What is one thing you wish more people knew about living with a rare disease?

  1. Living with vasculitis is emotionally draining.

    1. Hi. I just took a moment to read up on vasculitis. I can understand how the ongoing inflammatory situation and accompanying unpredictability of flares with this chronic rare disease causes emotional distress, especially with navigating social events. I hope you are finding some new ideas in others; comments here to help along these lines.

      PS: I noticed you aren't yet using a chosen name here... if you'd like to change it, you can do so by clicking the icon in upper right corner of page...& choose "Account Settings" to change your profile.

      Smiles your way,
      Gina Miller, Team Member

  2. How difficult it is to explain to others the stress-related feeling when others don't understand that physical therapy or exercise are not always the right approach with every condition. That's when education is key to help the affected individual.

    1. Hi. You're comment highlights the reality that those of us with conditions that don't improve with 'simply' adding in more exercise or physical therapies do face thus particular stressor when others cannot grasp it intuitively ... so, yes! ...we then need to educate our friends and family that our bodies don't necessarily function the way an average person's body is predicted to. In fact, sometimes additional exercise or even physical therapies can actually make matters worse, depending on the illness.

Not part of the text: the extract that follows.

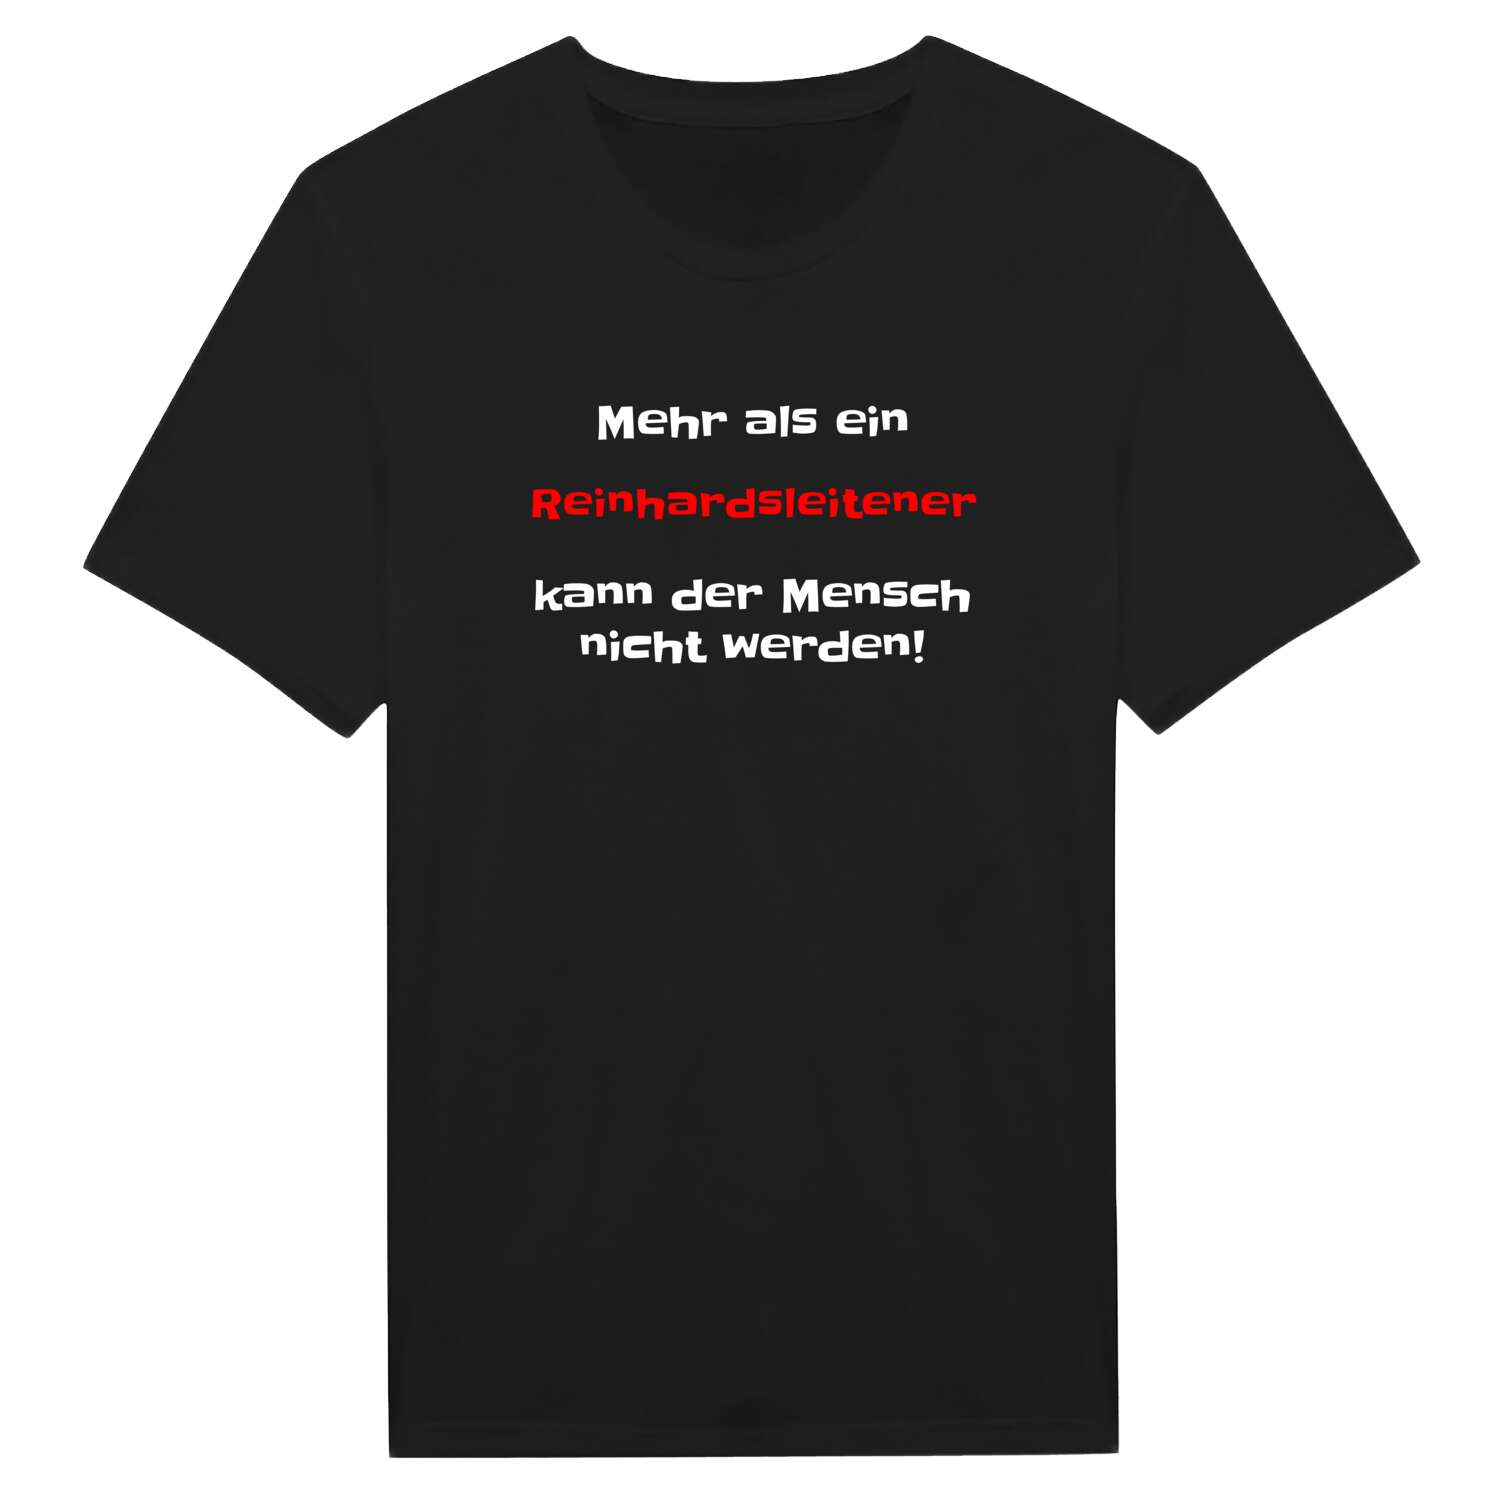 Reinhardsleiten T-Shirt »Mehr als ein«

      Your comment that education is required is so fully advocate for ourselves, we must find & consciously use tools to deal with this stressor, too. In barnstorming a few right now that I have tried, I can think of FB posts/shares I have posted and a few group texts I have sent...but, maybe there's additional ways to educate others?

      Thank you for raising this issue... it bought more fodder for me to grow more self-compassion at a minimum.
      Gina Miller ( Team Member)

  3. Not wanting to constantly feel the way we do. It makes life really hard. Living with an unpredictable disease is exhausting. We are also sorry if we complain but it literally consumes our every decision. We want to live a normal life.

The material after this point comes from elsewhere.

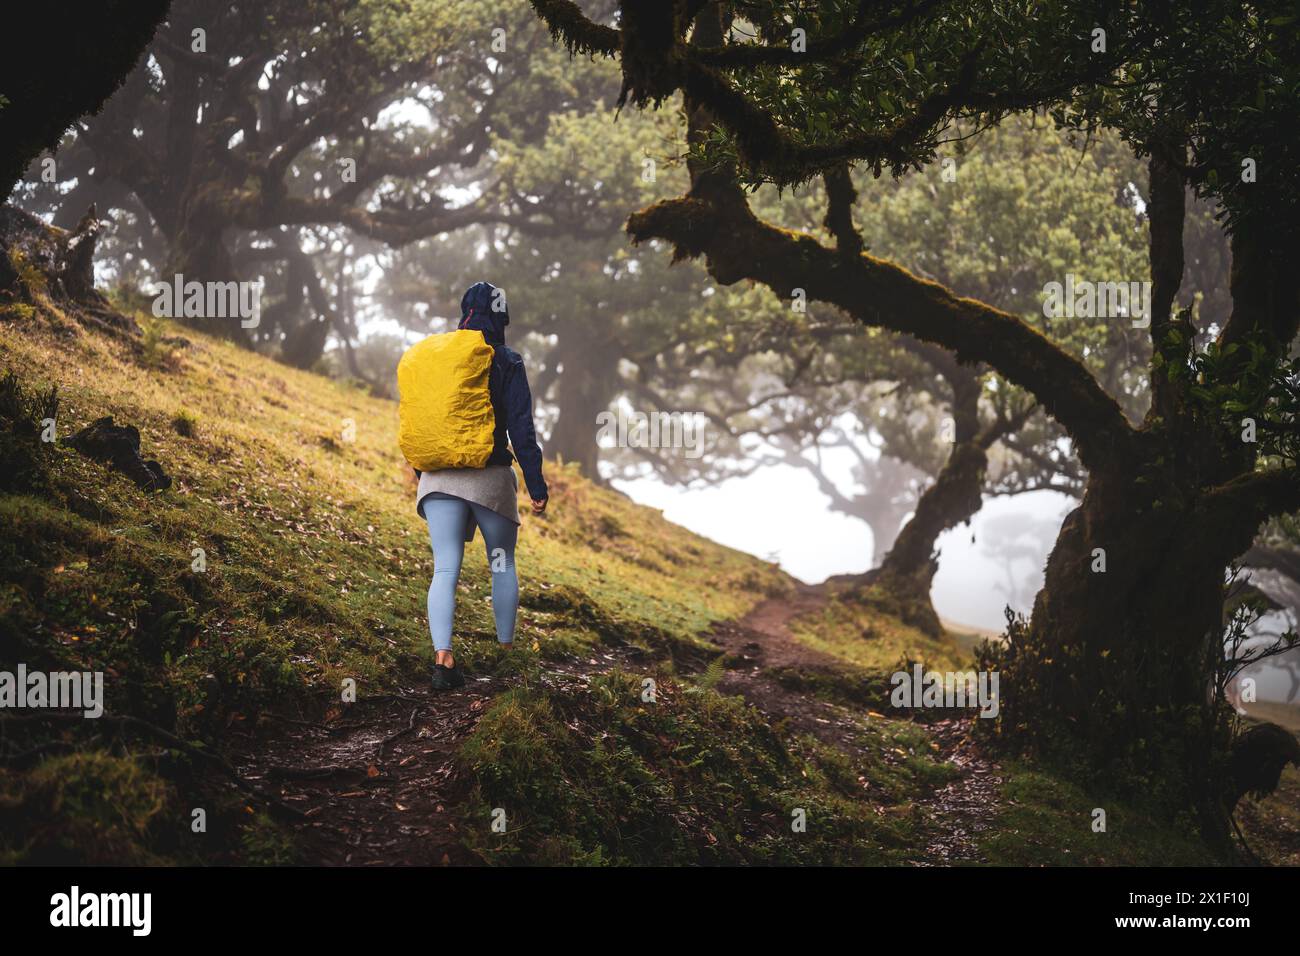 Beschreibung: Rückansicht eines Rucksacktouristen in regenfester Kleidung, der auf einem Wanderweg in einem mystischen Nebelwald mit riesigen Lorbeerbäumen spaziert. Fanal Forest, M Stockfoto

    1. It really is a cross we bear... and I, also, wish others knew that I carry the weight of not knowing how my health journey will go, day-to-day... even with a powerful CF med onboard now, it is far from perfect and comes with unpredictable side effects I must namage.

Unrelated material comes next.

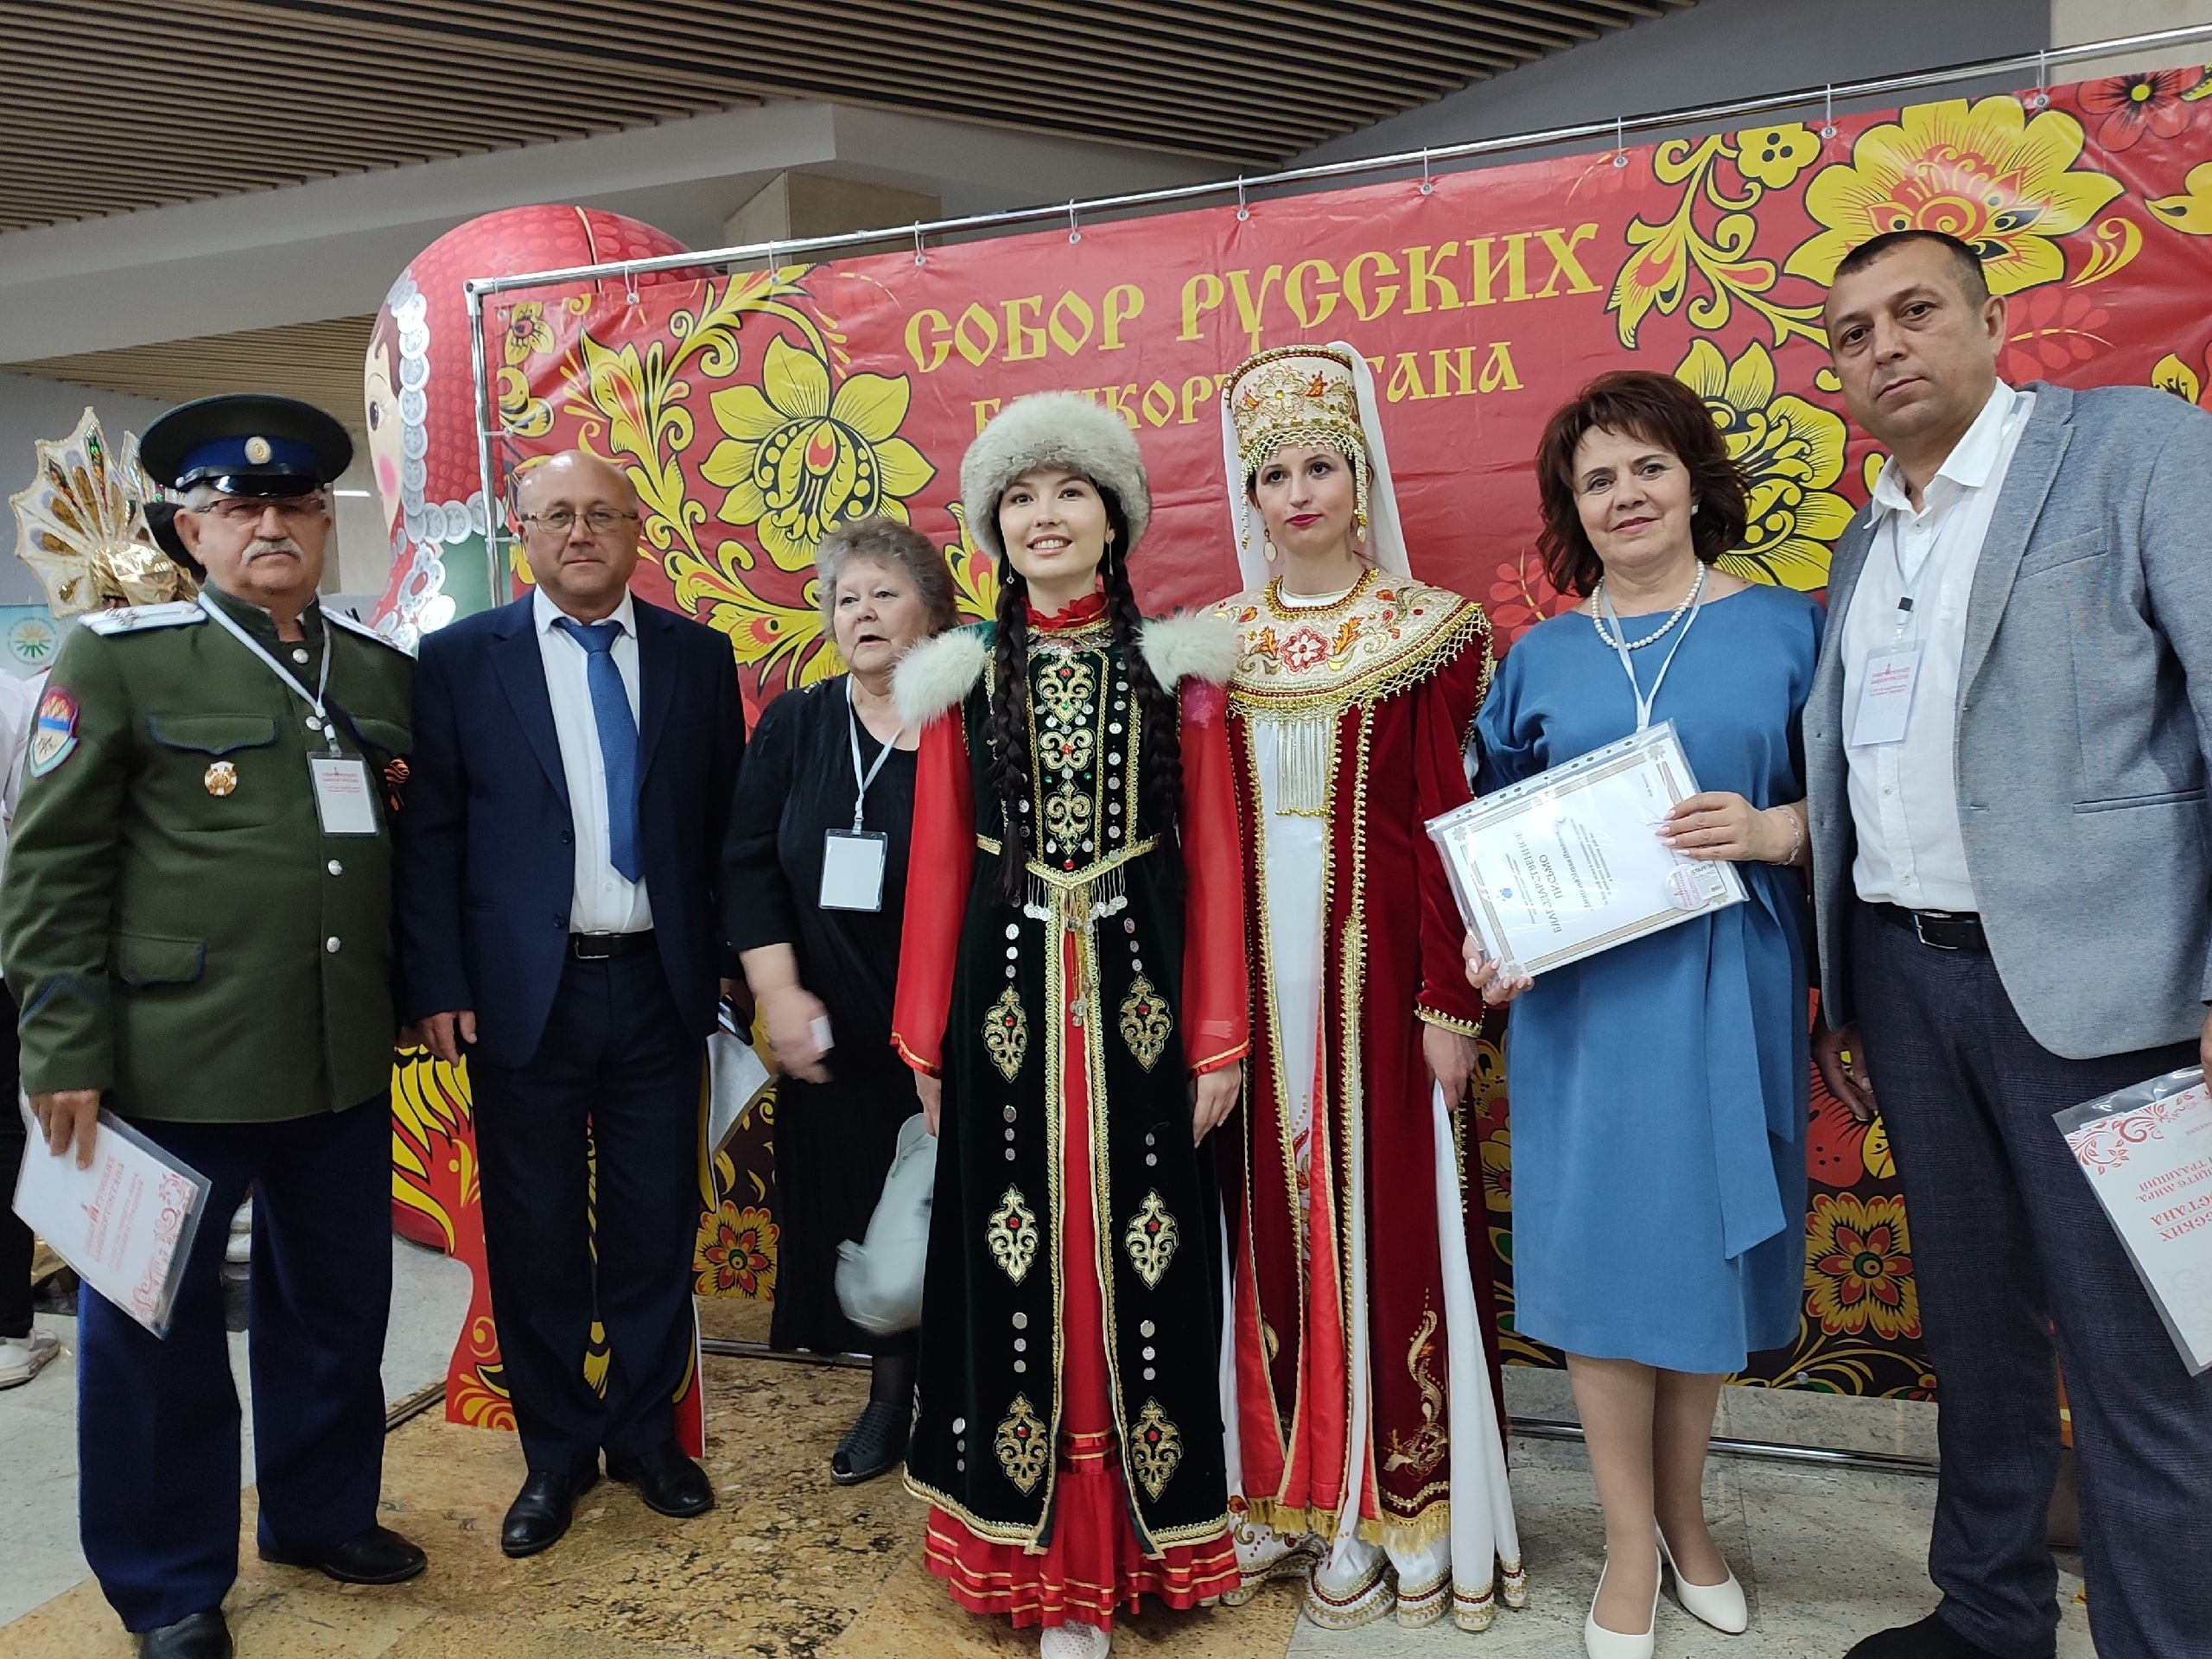 Отделение Собора русских Башкортостана в Мечетлинском районе стало обладателем второго места в республиканском конкурсе

      It's an ongoing grieving process to let go of the dream of being normal...of leading 'a normal life.' There are days where stopping to give myself a lot of compassion and grace...and rest... are required.

      THANK YOU for sharing... it helped me reflect more on my situation, too...

      Gina Miller, Team Member

  4. It is very difficult physically and mentally to cope at times. I'm lonely and feel horrible mom guilt when I have to tell my daughter no after I promised her already and some days just walking to the bathroom is all my body can do.

    1. That some days, being alive is painful and exhausting, on every level; nobody chooses to live this way. There IS no choice, other than to adapt as best we can, learn to read the cues that our body gives us, and try to judge for ourselves when we can and cannot participate. It's not for others to understand WHY we can't. "I'm sorry, I wish that I could", "I don't feel up to that", or a flat "no", should be enough, without needing to justify ourselves.

    2. I second your message here!
      NO EXPLANATIONS should be required.
      If someone is pushing me and acts as if I must satisfy their desire to feel I am as tried as I say I am, I will now simply be a broken record on this...and simply repeat myself.

      THANK YOU for pointing this one out, I benefitted from reading your comment and feel others will, too.